I have learned that my insecurities and weirdnesses will not scare him away. I allow him to reassure me and comfort me when I need it – without shrugging it off or fearing that I now appear “weak” to him. It’s a huge relief to just let it out.
The same can be said of me, with him.
This wouldn’t be possible if we didn’t admit to our feelings and our weaknesses. It wouldn’t be possible if we didn’t reassure each other sometimes, poke fun at other times, and keep making mistakes.
The most profound thing I ever read about relationships was that we must all learn to love imperfectly.
That’s the trick, I think. Giving ourselves permission to make mistakes and say the wrong thing and always, always, always reminding ourselves and each other that we’re on the same team. Us agains the world! Us against Them!
I consider myself to be Coffee’s lover, protector, fierce defender. Does he need me to protect him? Not really. Does he need me to defend him? Nope. But I consider it part of my job to keep him safe and loved and to make sure he always knows how important he means to me.
I don’t tolerate smack-talk about my husband – and I don’t indulge in it either. If I’ve got a problem with him, he hears it first. I don’t blog it, I don’t email it to every friend under the sun. Does he have quirks that I giggle about? Of course.
We tell each other “I love you” more times a day than some people breathe, I think. By email, as we say goodbye in the morning, when we wake up or go to sleep.. And it’s not the reflexive “I love you / I love you too”. Sometimes we say it deeply and sometimes we’re goofy and we always sign our emails with love.
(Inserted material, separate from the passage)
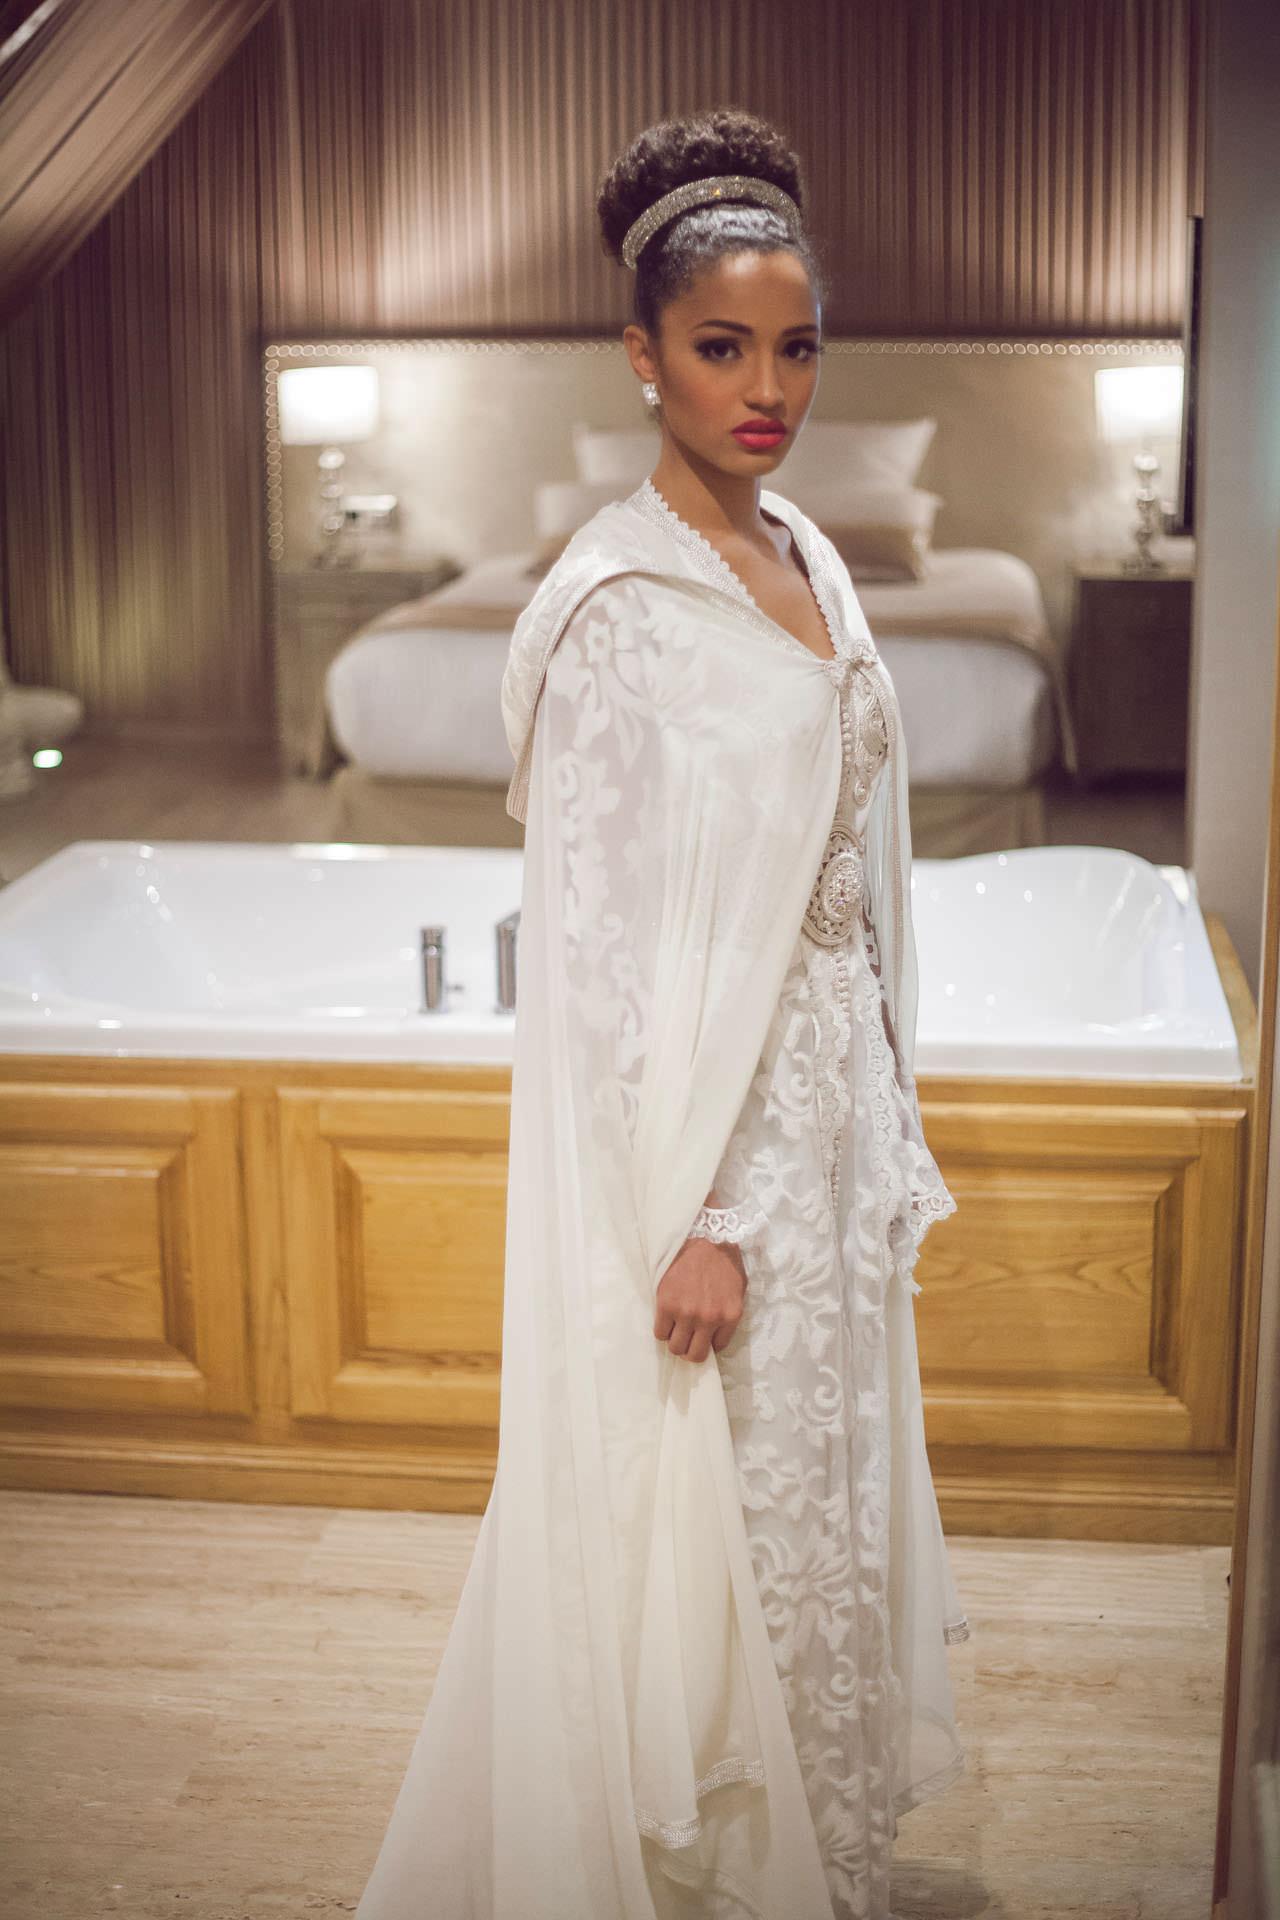 2016-01-25 - Robe Orient - Clos des Vignes - 4184 - 1920px

And the real reasons why we do not fight?
Neither one of us has any urge, desire or inclination to hurt the other. Nothing is more upseting to me then when Coffee is upset. I never, ever, want my words or actions to cause him pain. I do not want – ever – to say something in anger that I do not mean. And so, I don’t.
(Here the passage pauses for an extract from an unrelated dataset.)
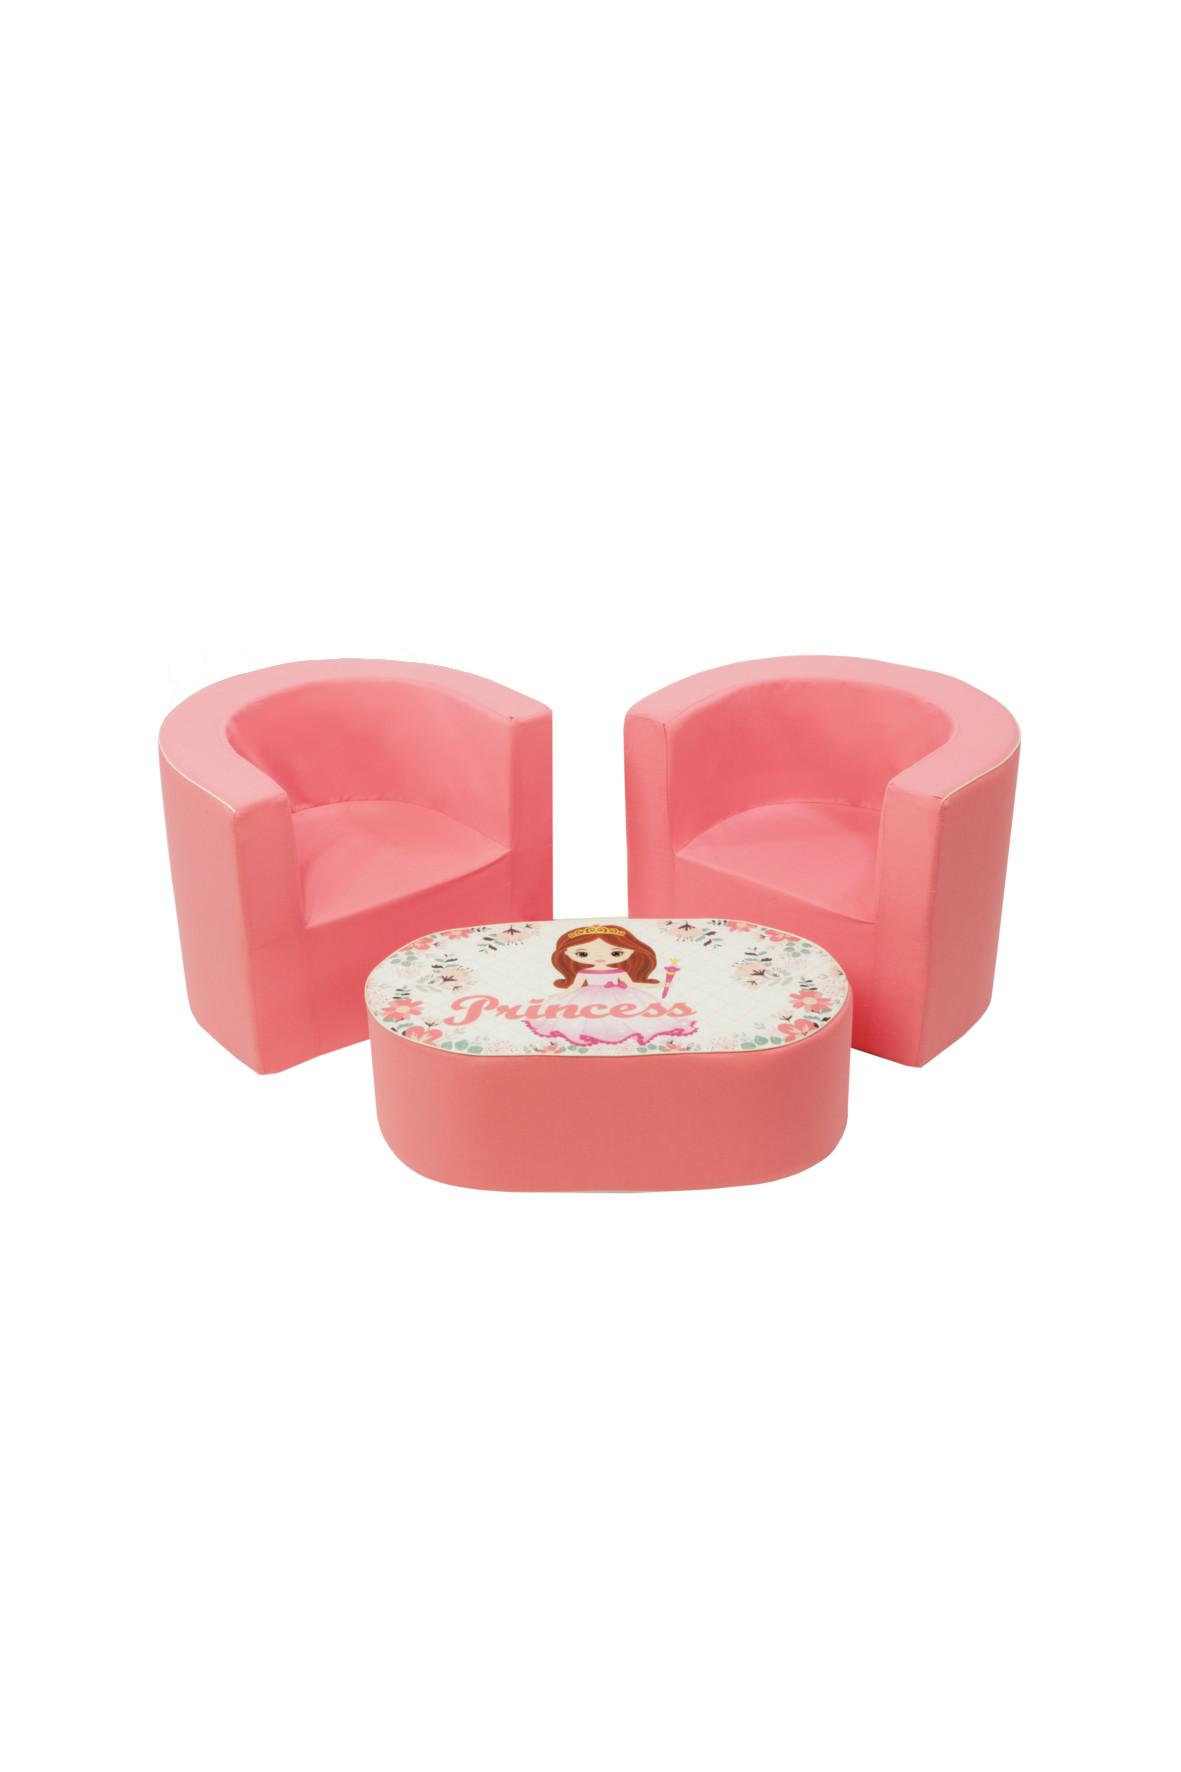 Zestaw 2 foteliki +stolik różowe 5O36HY

Both of us want to be in this relationship – a healthy, happy, forward-moving relationship. Both of us are commited to solving problems, fixing issues, and understanding each other’s point of view. There’s no growth or movement when the snarking begins. There’s no growth or movement when either person is stifling their feelings and thoughts and emotions out of fear or protectiveness.
I’m pretty sure it was Dr. Phil who began spouting the words, “safe place to fall”, and that’s exactly what we both provide each other. We are careful with each other just as often as we are goofy and silly.
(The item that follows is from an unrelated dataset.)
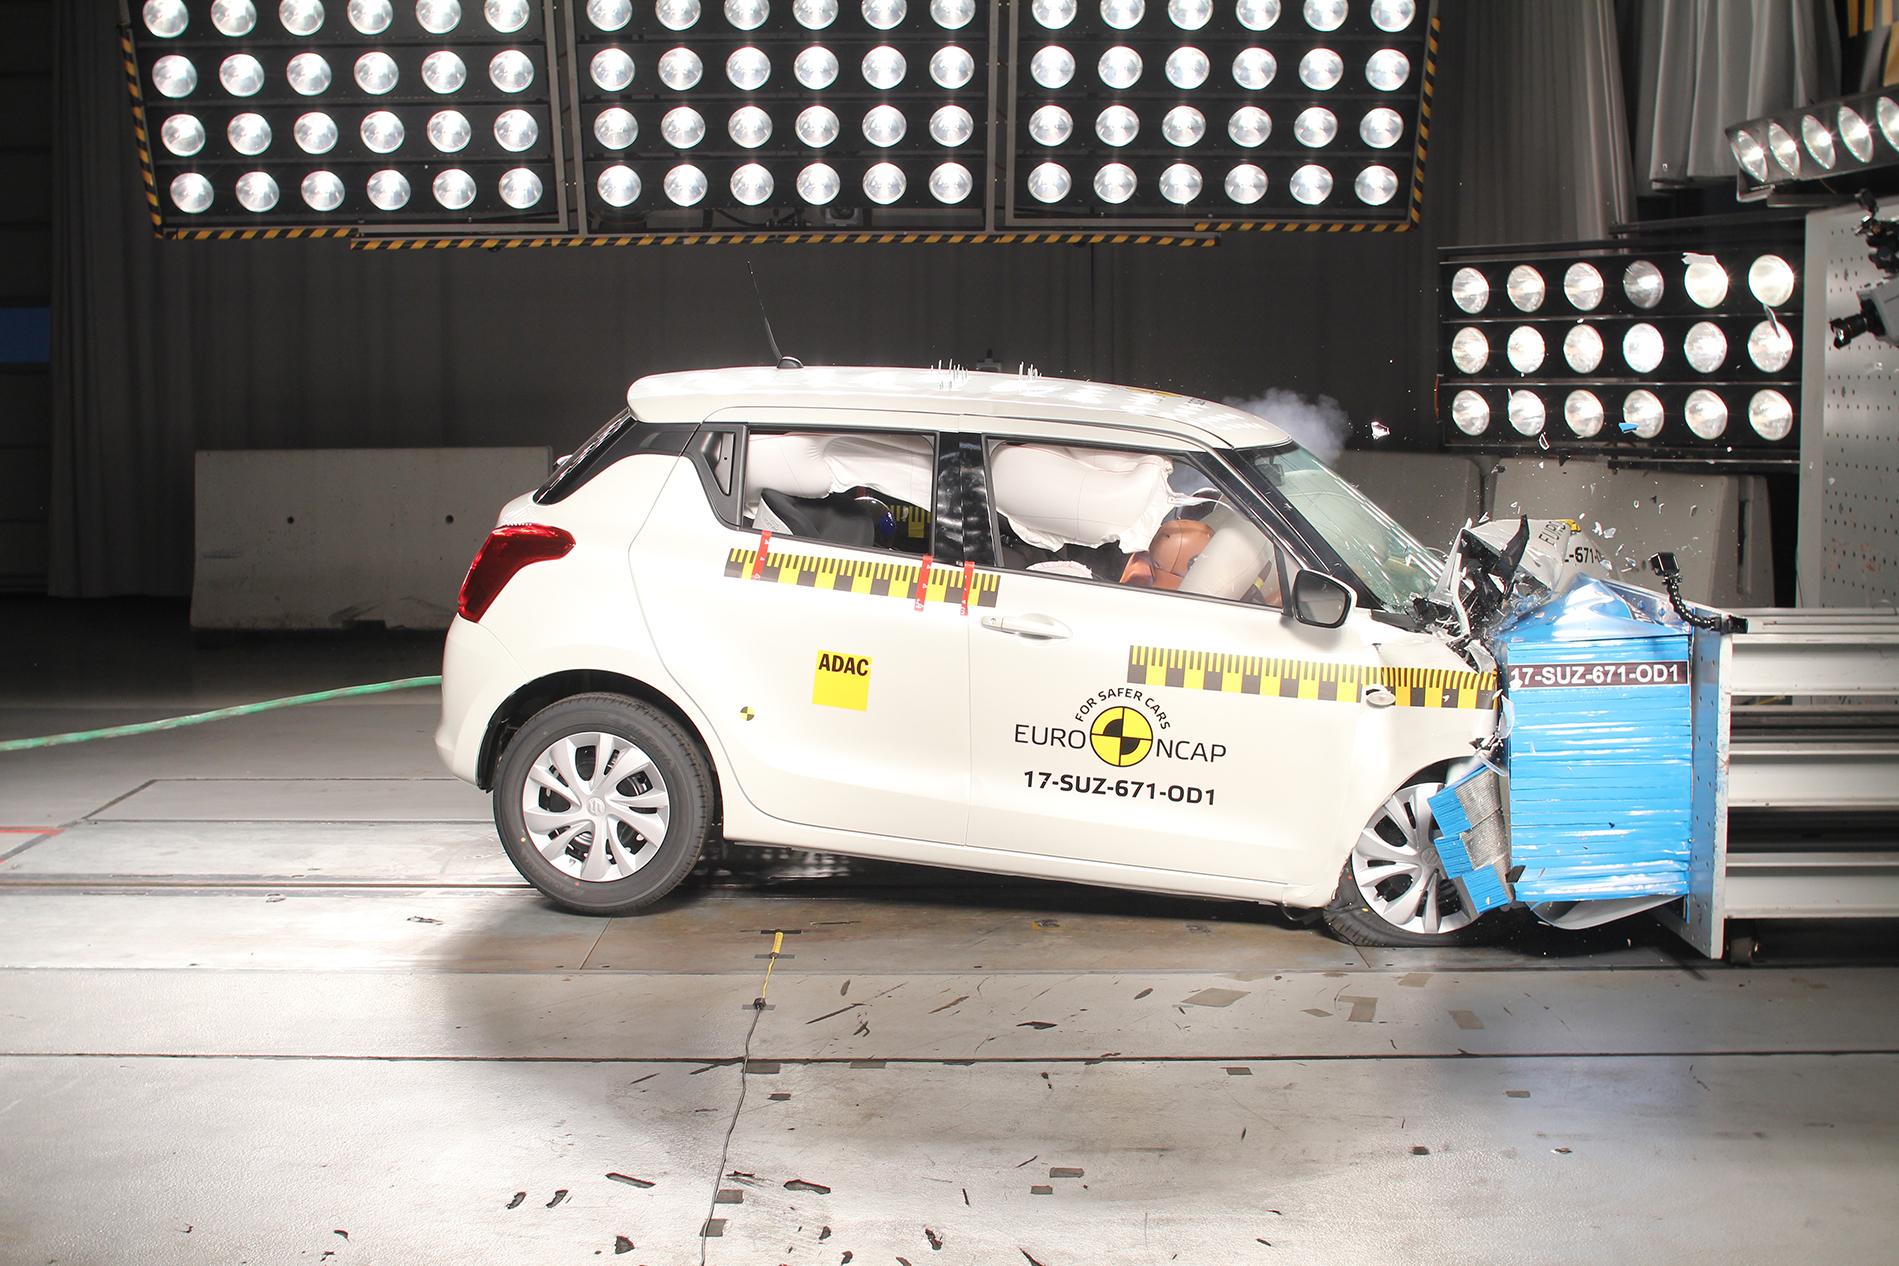 Testresultaten Euro NCAP mei 2017

And so I look at Kelly and Sylvain (like how I got right around to that again?) and while I do not know Sylvain very well, I know that Kelly is the sort of person who is comfortable with herself. She grows more comfortable with each passing day, it seems.
I read that they’re working on their communication and making an effort to be open and honest – now, at the beginning – instead of waiting for a crisis to develop. And I want to cheer for them. I want to tell them that this – THIS – is the best thing they could ever do for themselves and each other.
There’s no guarantee of anything in this world – but what I do know is that they’ve managed to figure out and piece together something, in a short period of time, that often takes other people years (or never at all). And there’s still so much for them to learn about each other, and new adventures, and plenty of conversations and fun and goofy moments ahead of them.
And this is why I am so giddy about their relationship. Both of them deserve incredible amounts of happiness, and both of them, I think are aware enough to make that happen.